START Given records
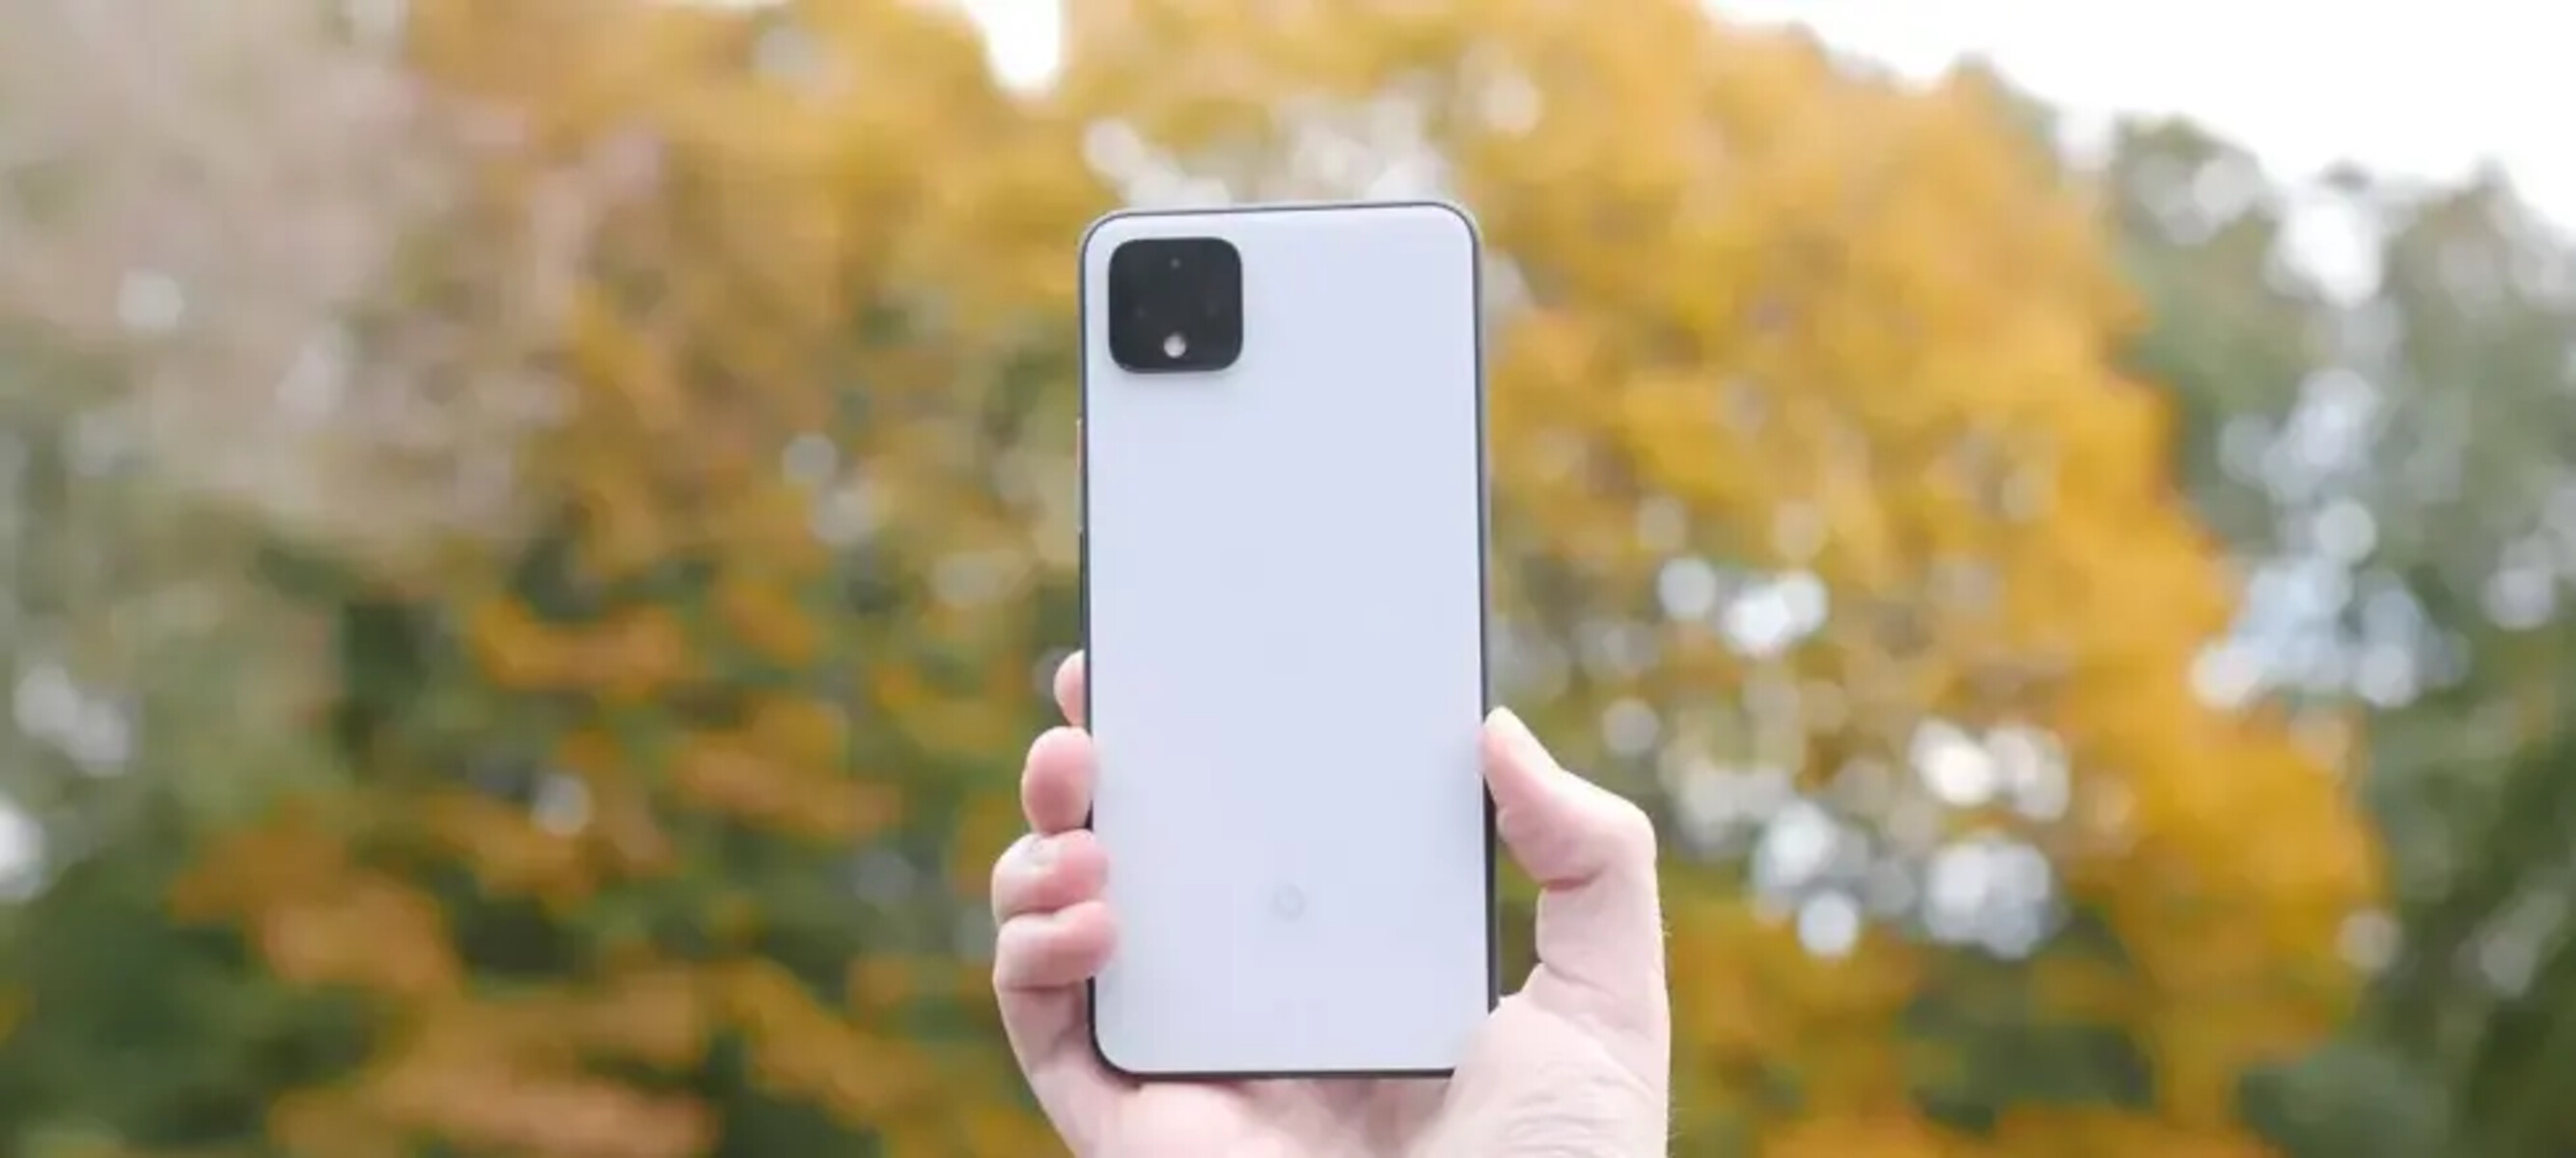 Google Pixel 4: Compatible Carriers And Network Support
END Given records
START Given records
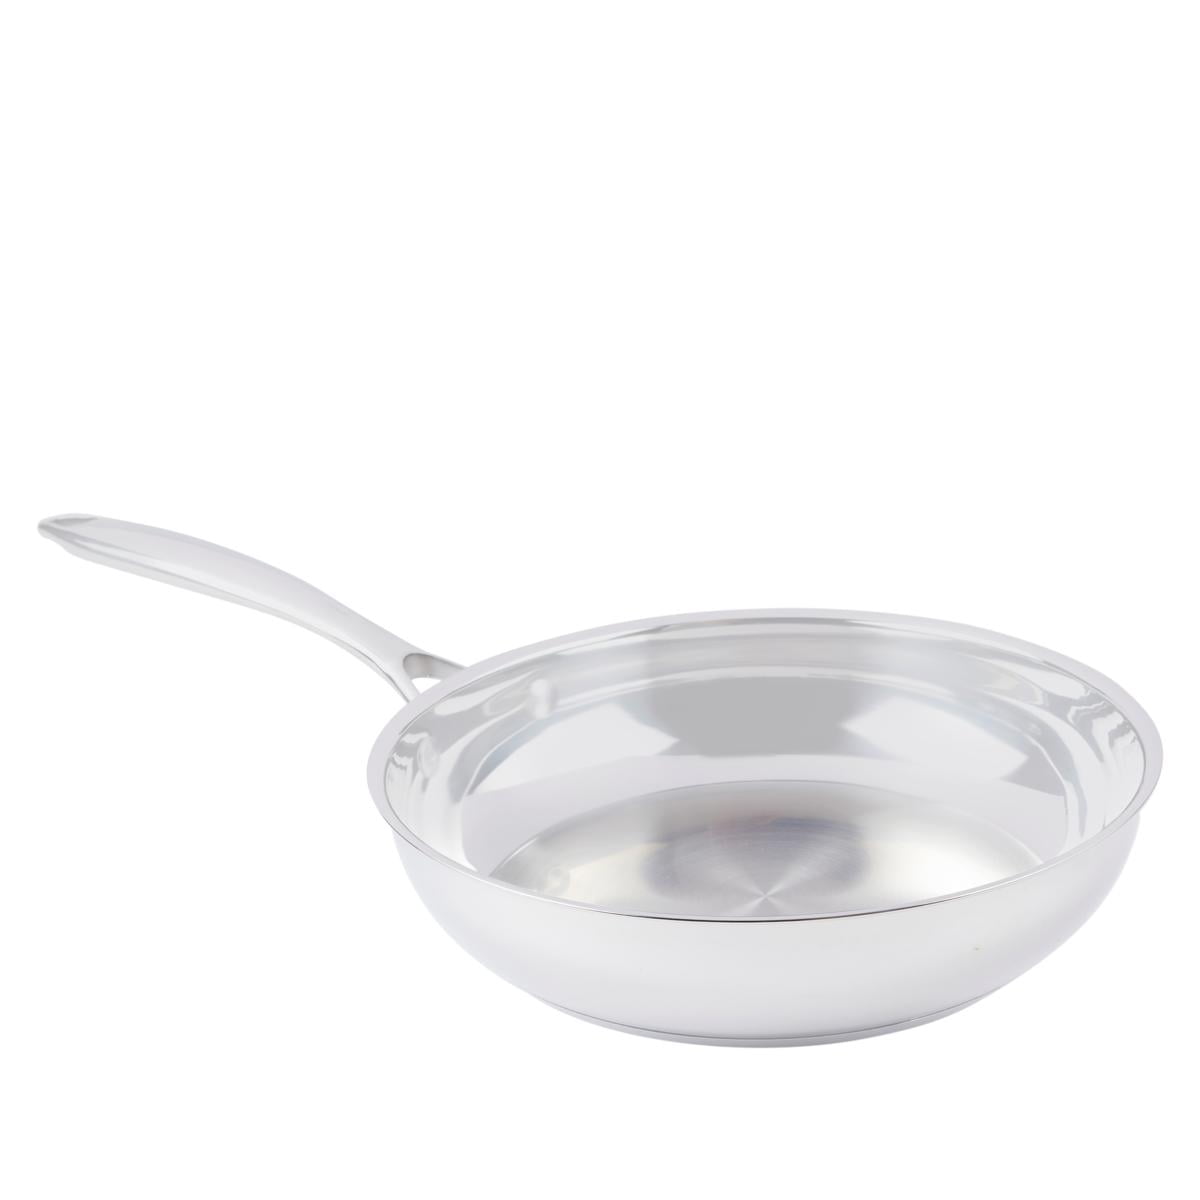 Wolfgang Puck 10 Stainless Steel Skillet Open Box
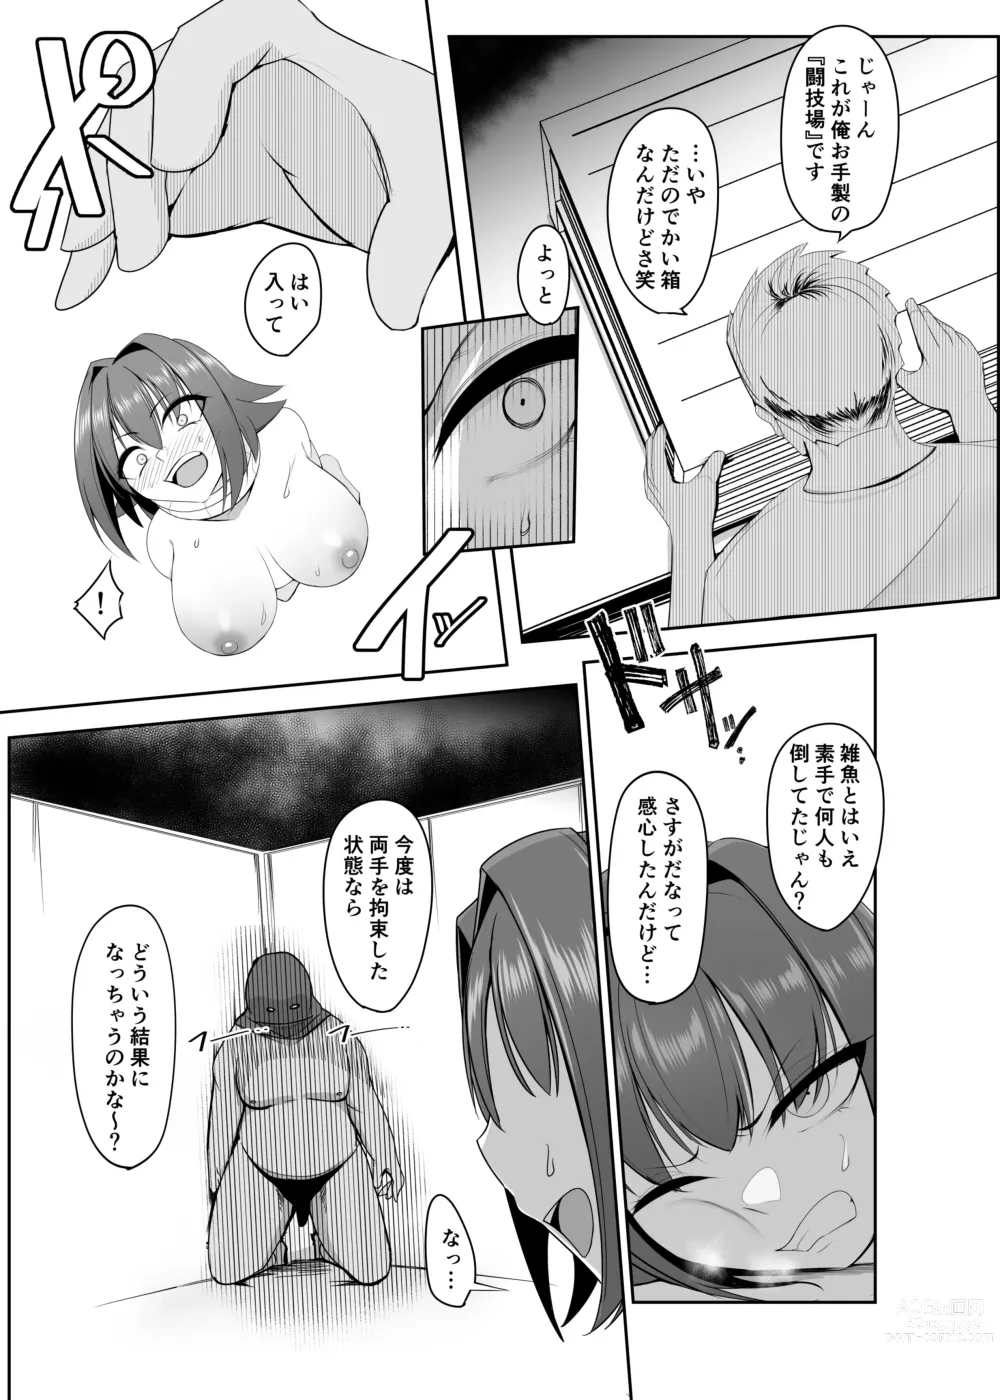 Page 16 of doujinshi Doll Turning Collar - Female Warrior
END Given records
START Given records
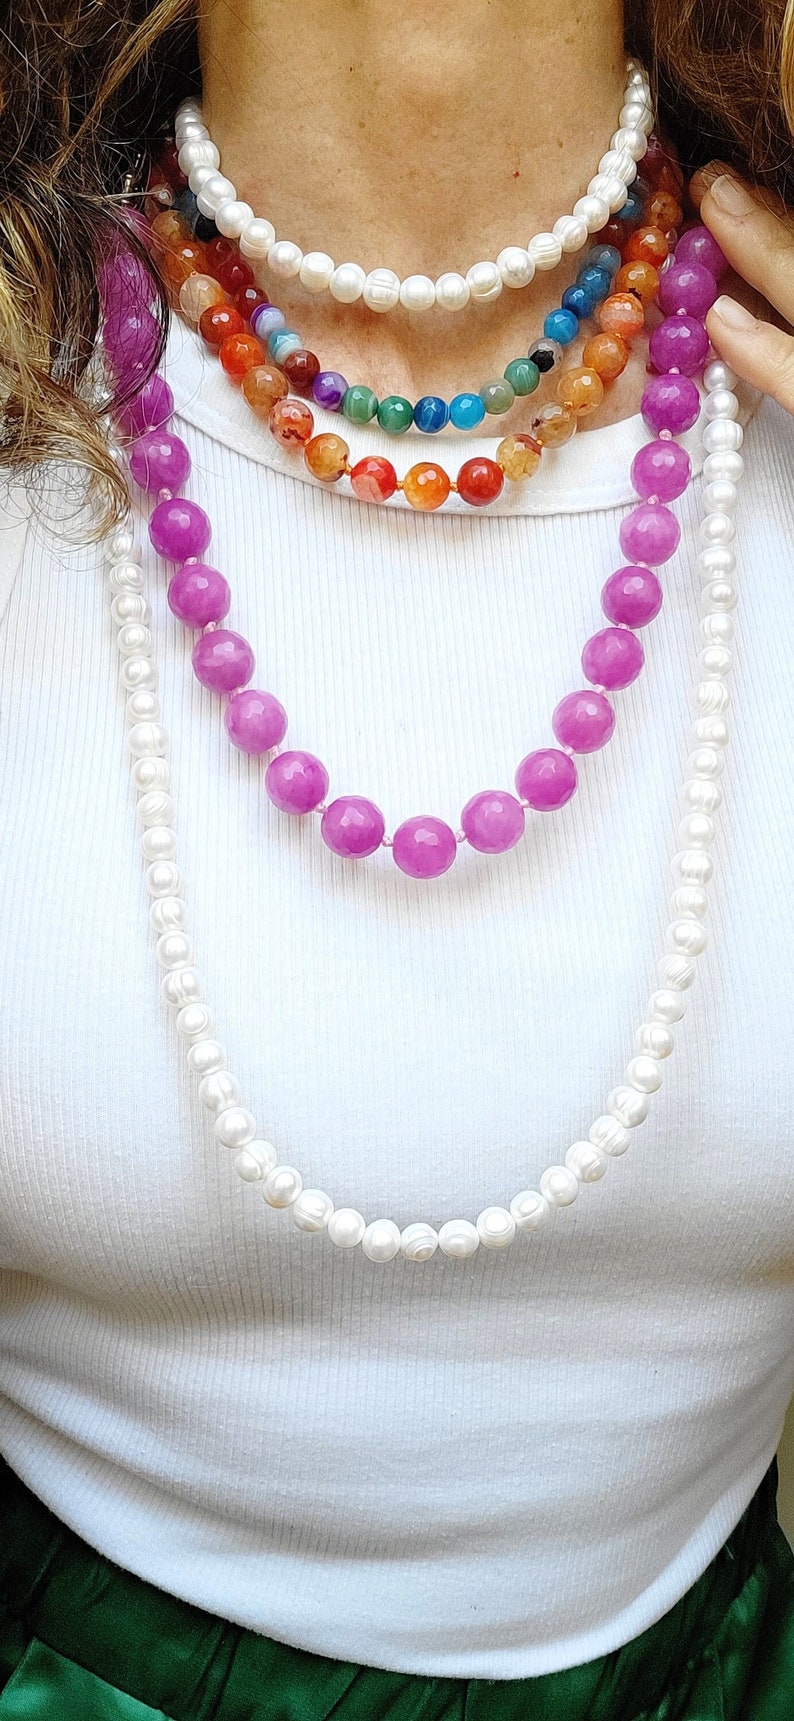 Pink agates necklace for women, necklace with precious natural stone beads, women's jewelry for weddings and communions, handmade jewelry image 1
END Given records
Your copy should hold only the lines above from the one containing "Wolfgang Puck 10" through the one containing "Page 16 of doujinshi", exactly as written and free of pictures.

Solved exercise:
 Wolfgang Puck 10 Stainless Steel Skillet Open Box
 Page 16 of doujinshi Doll Turning Collar - Female Warrior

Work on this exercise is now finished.